Measures for IR-Effectiveness
Different aspects determine the effectiveness of Information Retrieval.
The measures that are used most often are precision and
recall. However, in literature different definitions of
these measures are sometimes found.
-
Precision: The ratio of relevant objects associated with the
descriptor to the total number of retrieved objects. (This
indicates how many of the retrieved objects are relevant.)
-
Recall: The ratio of the number of the relevant objects associated
with the
descriptor to the total number of relevant objects. (This indicates how
many of the relevant objects are retrieved.)
-
Exhaustivity: The degree to which the contents of the objects
are reflected in the index expressions. (This indicates that meaningful
words may not be searchable through the index.)
-
Power: The ratio of a descriptor's specificity to its length.
(How long does a descriptor have to be in order to be precise?)
-
Eliminability: The ability to determine irrelevance of a descriptor
and stop the search. (How easy can one exclude part of the database from
the search without losing relevant nodes.)
-
Clarity: The ability to grasp the intended meaning of the descriptor.
-
Predictability: The ability to predict where relevant descriptors
can be found in the index. (This could also apply to predicting where
relevant nodes can be found in the hyperdocument.)
-
Collocation: The extent to which the relevant index terms are near
each other in the index. (Or to which the relevant nodes are near each other
in the hyperdocument.)
So far no experiments have been conducted to determine the usefulness of
all these measures for hypertext-based Information Retrieval.

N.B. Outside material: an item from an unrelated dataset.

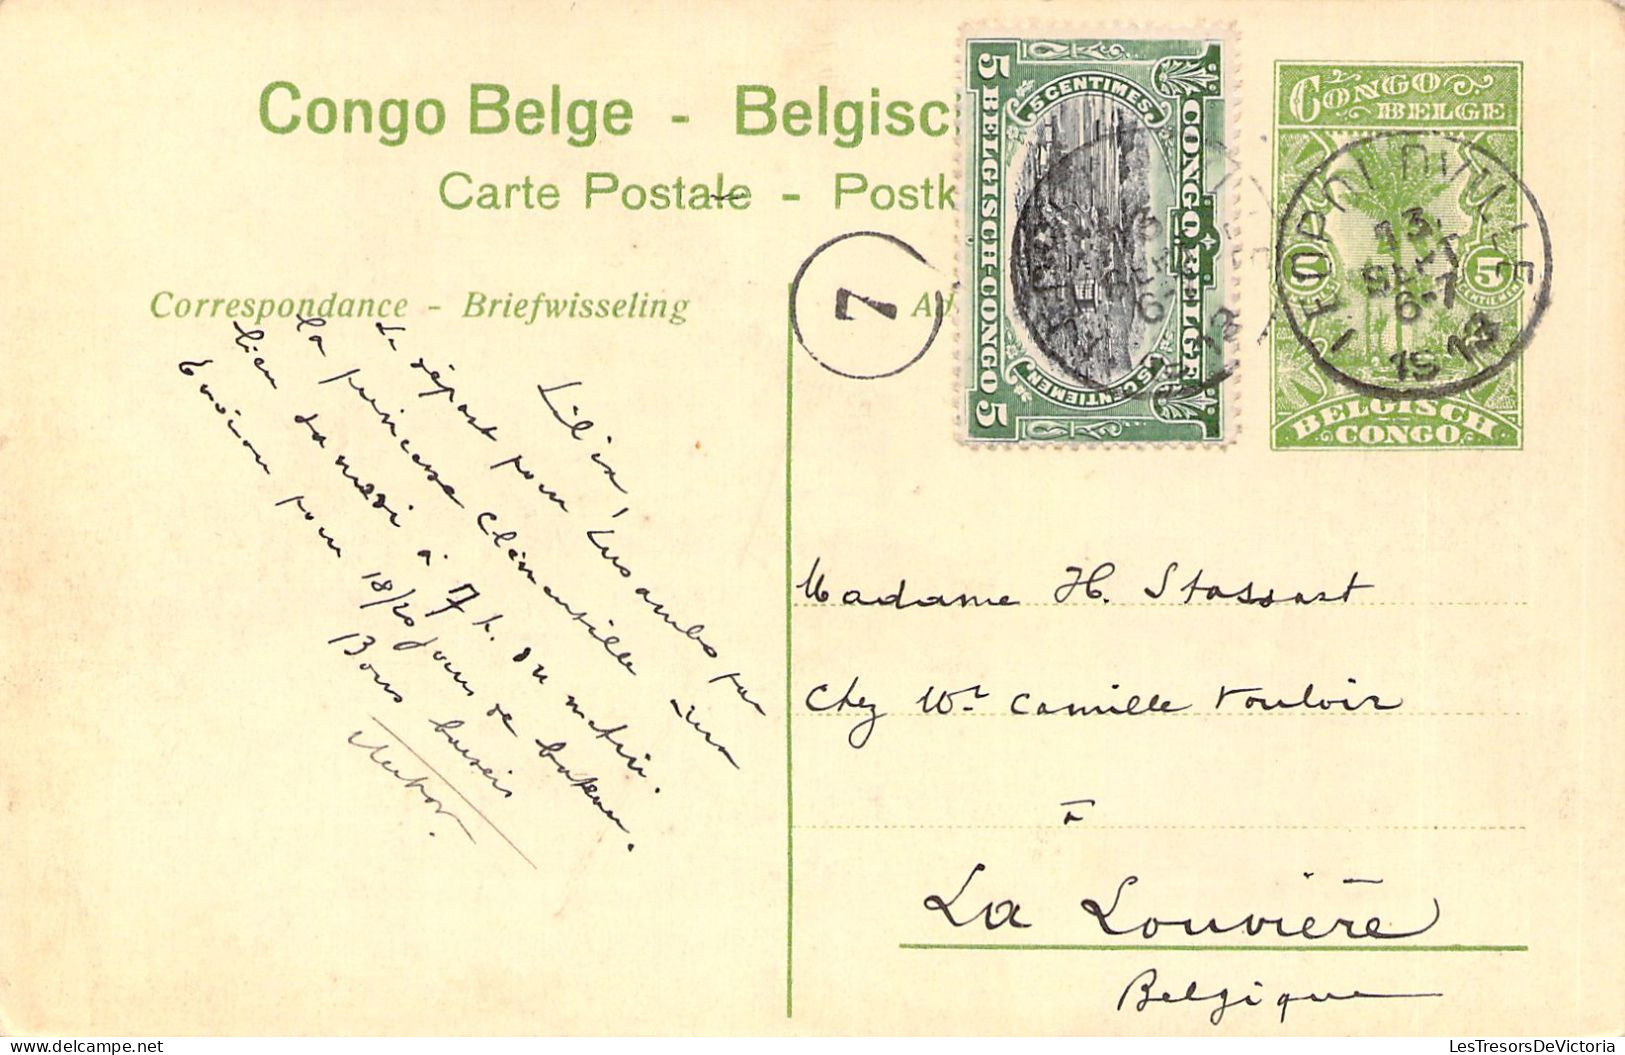 CONGO - Emballage Du Poisson Sec Dans La Mayumbe - Carte Postale Ancienne - Otros & Sin Clasificación

Precision and recall have been used most often. Some applications (in law
and in patent searches for instance) require 100% recall,
i.e. no relevant document may be
left out, while other applications like searching on the Web benefit from
high precision. Users do not want to find irrelvant documents, while there
are so many relevant documents that it does not matter that not all of them
are found, because the user has no time to read them all anyway.